What to work on: The stretch wanted below opens at the line containing "James Patterson: Witihin" and closes at the line containing "industrial icons for". Please return it exactly, with no other lines.

Information given:
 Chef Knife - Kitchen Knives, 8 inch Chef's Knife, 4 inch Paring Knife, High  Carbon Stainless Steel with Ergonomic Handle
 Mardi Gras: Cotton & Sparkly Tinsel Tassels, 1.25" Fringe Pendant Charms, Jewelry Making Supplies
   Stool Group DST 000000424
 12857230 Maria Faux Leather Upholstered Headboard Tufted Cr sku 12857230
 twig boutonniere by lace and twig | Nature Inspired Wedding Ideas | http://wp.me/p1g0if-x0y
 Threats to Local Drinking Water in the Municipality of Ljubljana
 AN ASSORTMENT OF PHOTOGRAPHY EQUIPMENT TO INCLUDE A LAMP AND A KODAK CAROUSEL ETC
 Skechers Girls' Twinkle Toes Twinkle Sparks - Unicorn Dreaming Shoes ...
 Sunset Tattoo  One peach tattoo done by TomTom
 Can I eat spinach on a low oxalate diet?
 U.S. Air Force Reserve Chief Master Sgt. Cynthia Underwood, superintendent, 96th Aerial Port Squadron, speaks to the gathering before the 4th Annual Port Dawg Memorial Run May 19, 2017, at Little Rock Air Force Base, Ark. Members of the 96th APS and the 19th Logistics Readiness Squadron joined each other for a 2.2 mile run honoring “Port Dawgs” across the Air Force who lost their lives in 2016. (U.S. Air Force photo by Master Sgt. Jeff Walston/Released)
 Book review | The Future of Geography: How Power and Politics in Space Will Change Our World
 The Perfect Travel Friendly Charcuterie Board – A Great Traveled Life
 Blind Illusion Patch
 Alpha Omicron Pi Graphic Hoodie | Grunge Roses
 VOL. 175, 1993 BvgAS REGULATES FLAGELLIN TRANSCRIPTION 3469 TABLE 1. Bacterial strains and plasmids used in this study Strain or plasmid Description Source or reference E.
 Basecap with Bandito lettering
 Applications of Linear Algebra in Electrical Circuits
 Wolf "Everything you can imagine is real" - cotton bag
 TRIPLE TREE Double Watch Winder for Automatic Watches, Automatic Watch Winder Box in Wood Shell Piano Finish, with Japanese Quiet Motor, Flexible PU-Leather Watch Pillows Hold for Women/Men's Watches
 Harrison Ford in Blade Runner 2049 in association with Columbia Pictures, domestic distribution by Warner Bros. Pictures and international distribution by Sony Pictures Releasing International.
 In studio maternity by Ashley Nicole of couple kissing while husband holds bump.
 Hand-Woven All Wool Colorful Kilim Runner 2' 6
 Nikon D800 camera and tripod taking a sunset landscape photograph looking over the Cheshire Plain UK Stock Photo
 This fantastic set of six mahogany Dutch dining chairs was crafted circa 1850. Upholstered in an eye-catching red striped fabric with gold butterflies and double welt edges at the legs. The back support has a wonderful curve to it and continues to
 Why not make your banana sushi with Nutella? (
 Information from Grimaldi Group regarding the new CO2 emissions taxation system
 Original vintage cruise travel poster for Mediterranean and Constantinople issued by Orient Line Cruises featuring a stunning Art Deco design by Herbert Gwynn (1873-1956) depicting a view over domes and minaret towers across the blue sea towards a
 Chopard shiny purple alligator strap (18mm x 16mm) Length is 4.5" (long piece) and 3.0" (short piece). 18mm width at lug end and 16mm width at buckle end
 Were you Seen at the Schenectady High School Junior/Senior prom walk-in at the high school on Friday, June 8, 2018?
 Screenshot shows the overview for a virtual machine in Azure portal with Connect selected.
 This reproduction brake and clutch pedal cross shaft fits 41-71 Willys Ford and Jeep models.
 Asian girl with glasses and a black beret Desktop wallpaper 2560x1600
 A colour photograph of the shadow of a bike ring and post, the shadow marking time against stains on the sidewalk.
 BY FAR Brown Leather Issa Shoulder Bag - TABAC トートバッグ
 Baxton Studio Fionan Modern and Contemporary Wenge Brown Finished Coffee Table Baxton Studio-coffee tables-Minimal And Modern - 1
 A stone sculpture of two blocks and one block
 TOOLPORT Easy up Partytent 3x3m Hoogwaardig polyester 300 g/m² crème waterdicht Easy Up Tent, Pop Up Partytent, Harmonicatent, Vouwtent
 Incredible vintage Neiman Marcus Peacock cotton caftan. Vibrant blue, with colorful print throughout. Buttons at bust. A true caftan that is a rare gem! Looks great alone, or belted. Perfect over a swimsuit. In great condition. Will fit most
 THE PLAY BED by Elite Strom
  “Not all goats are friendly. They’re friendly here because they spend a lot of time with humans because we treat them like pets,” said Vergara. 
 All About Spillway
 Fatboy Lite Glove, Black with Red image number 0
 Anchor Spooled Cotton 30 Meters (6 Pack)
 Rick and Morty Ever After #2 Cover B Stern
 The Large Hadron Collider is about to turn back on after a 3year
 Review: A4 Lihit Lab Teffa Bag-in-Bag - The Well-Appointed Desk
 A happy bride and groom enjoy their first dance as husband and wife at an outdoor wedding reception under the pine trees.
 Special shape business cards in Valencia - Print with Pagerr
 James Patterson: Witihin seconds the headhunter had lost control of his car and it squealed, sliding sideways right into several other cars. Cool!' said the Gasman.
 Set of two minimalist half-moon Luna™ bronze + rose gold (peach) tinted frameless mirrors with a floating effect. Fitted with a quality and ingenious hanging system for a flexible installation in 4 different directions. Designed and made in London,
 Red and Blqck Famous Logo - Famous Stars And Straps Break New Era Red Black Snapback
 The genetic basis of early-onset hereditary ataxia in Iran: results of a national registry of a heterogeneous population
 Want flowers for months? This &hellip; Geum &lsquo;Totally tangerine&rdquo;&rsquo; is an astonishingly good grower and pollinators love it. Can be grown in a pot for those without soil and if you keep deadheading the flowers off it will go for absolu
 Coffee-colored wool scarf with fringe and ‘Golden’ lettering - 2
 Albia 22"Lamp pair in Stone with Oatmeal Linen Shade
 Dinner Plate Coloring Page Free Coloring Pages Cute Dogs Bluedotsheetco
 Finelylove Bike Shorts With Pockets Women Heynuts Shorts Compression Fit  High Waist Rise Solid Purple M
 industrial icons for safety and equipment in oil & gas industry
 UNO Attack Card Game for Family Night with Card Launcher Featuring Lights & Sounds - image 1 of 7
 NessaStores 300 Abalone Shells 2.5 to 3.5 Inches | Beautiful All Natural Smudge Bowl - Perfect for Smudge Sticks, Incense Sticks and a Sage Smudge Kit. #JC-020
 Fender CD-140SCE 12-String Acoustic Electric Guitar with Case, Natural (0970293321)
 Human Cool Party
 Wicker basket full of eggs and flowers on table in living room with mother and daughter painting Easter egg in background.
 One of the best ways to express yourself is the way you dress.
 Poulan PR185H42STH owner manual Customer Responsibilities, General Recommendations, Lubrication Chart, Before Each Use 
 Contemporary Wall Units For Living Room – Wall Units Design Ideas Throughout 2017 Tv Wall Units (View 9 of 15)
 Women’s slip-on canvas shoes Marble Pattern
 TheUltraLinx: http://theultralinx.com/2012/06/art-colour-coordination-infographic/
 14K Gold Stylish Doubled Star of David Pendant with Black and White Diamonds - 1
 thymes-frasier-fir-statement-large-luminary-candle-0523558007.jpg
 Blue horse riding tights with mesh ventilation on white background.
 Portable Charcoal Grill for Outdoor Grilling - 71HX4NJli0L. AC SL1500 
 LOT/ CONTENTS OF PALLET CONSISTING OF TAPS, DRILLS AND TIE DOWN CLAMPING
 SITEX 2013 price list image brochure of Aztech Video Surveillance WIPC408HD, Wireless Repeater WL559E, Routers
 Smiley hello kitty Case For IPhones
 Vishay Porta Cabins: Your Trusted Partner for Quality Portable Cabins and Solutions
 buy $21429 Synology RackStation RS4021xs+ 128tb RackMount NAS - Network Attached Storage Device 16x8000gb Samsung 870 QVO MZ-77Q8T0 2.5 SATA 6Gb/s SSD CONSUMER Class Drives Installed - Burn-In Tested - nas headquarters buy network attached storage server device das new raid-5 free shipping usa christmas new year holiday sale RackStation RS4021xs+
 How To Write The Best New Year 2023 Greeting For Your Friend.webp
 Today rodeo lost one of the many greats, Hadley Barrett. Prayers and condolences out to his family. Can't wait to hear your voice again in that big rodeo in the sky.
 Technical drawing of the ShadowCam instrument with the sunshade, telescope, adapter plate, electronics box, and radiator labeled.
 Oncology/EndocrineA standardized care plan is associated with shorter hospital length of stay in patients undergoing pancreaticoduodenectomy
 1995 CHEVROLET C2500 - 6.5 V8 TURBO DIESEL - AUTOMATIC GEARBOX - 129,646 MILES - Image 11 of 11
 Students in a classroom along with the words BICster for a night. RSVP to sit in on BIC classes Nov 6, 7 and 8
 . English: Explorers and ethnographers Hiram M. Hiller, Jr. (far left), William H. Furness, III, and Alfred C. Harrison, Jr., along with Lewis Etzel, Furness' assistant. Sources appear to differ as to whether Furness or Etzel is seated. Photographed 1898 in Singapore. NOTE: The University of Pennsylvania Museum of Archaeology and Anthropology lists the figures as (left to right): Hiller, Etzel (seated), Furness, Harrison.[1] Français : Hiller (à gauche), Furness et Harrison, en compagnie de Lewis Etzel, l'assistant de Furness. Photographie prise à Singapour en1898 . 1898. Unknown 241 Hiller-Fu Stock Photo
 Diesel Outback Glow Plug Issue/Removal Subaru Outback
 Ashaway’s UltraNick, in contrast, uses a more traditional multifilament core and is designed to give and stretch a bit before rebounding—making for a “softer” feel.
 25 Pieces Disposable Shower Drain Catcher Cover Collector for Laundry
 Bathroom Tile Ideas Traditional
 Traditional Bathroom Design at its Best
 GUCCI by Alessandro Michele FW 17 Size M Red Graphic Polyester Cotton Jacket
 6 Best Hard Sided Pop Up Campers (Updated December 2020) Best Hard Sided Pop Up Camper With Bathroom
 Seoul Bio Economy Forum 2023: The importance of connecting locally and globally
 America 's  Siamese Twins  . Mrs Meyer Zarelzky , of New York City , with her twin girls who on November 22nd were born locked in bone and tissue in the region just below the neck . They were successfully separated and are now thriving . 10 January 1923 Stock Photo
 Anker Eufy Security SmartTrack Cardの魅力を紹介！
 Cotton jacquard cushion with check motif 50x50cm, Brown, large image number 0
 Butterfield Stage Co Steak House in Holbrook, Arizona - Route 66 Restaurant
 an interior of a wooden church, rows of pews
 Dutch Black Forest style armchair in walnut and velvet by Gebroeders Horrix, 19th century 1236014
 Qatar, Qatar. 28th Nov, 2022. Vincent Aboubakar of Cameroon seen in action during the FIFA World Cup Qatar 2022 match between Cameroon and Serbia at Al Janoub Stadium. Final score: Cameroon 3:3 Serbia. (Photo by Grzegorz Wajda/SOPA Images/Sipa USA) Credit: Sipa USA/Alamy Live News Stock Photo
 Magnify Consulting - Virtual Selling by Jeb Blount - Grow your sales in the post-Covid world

Solution to the exercise:
 James Patterson: Witihin seconds the headhunter had lost control of his car and it squealed, sliding sideways right into several other cars. Cool!' said the Gasman.
 Set of two minimalist half-moon Luna™ bronze + rose gold (peach) tinted frameless mirrors with a floating effect. Fitted with a quality and ingenious hanging system for a flexible installation in 4 different directions. Designed and made in London,
 Red and Blqck Famous Logo - Famous Stars And Straps Break New Era Red Black Snapback
 The genetic basis of early-onset hereditary ataxia in Iran: results of a national registry of a heterogeneous population
 Want flowers for months? This &hellip; Geum &lsquo;Totally tangerine&rdquo;&rsquo; is an astonishingly good grower and pollinators love it. Can be grown in a pot for those without soil and if you keep deadheading the flowers off it will go for absolu
 Coffee-colored wool scarf with fringe and ‘Golden’ lettering - 2
 Albia 22"Lamp pair in Stone with Oatmeal Linen Shade
 Dinner Plate Coloring Page Free Coloring Pages Cute Dogs Bluedotsheetco
 Finelylove Bike Shorts With Pockets Women Heynuts Shorts Compression Fit  High Waist Rise Solid Purple M
 industrial icons for safety and equipment in oil & gas industry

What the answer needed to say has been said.